With gold now trading at prices of over $40,000 per kilo, the illicit trade has seen a recent boom.

Mine in Sierra Leone, via PRX

In interviews with economists, analysts, and individuals involved in black market activity, Reuters cited the following:

Gold can be imported to Dubai with little documentation, African traders told Reuters.

Elsewhere an adviser for the African Union’s mineral oversight arm, Frank Mugyenyi, said “There is a lot of gold leaving Africa without being captured in our records.” Speaking on the Middle East in particular as a key transit point, he added, “UAE is cashing in on the unregulated environment in Africa.”

Reuters investigation: “The UAE is the biggest destination for African gold. But Africa’s biggest exporting countries are not always the biggest gold producers, according to trade data.”

The report revealed that the numbers simply don’t add up:

From 2006 to 2016, the share of African gold in UAE’s reported gold imports increased from 18 percent to nearly 50 percent, Comtrade data showed.

The UAE’s main commodity marketplace, the Dubai Multi-Commodities Centre (DMCC), calls itself on its website “your gateway to global trade.” Trading in gold accounts for nearly one-fifth of UAE’s GDP.

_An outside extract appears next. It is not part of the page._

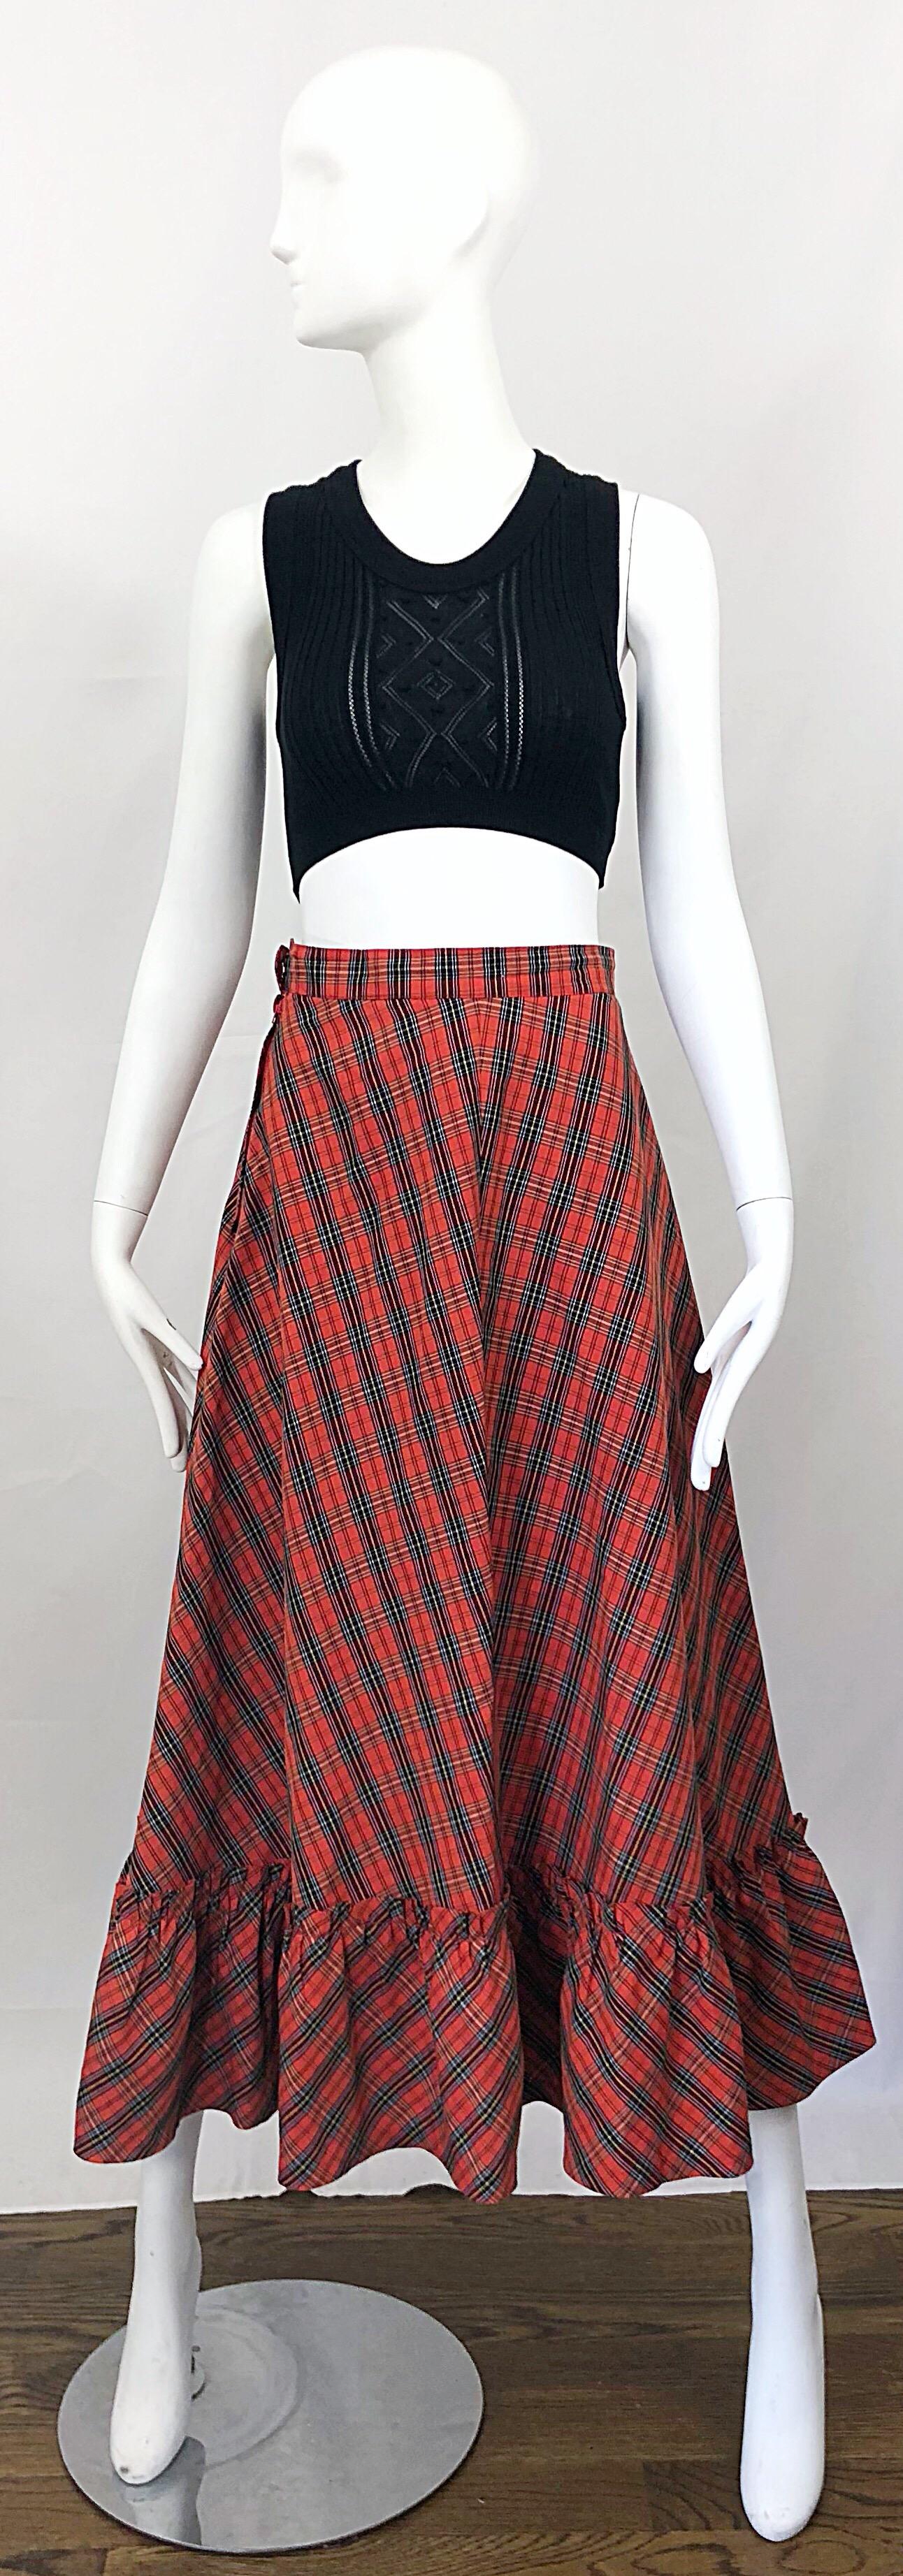 Perfect for the holidays! This red plaid 1970s maxi skirt has so much going for it. Classic plaid that forms a contrast when the fabric meets at the center. Soft cotton voile fabric. Perfect for Christmas / Holidays! Chic ruffle hem. Metal zipper up

Simply put, no official company or industrial miner could account for the massive data gap. The report continues:

However, no big industrial companies reached by Reuters – including AngloGold Ashanti, Sibanye-Stillwater and Gold Fields – say they send gold there. Reuters contacted 23 mining companies with African operations, the smallest of which produced around 2.5 tonnes in 2018: 21 of them said they did not send metal to Dubai for refining, the other two did not respond.

Astoundingly, it appears the criminal gold trade through the Middle East is actually outpacing official purchases in that direction out of Africa. 

Further, the UN has over the past years spotlighted the UAE as among countries that continue to allow the trade in “conflict gold” originating from war-torn African states, which international monitoring bodies have sought to stamp out. 

The findings of the investigation were presented to 14 African governments, but few leaders were willing to acknowledge the depth of the problem, or stonewalled. “Of them, five said it reflected an existing concern about gold being smuggled out of their countries that they are trying to address. One said they did not think gold smuggling was a problem for them. The rest declined to comment or did not respond,” according to the report.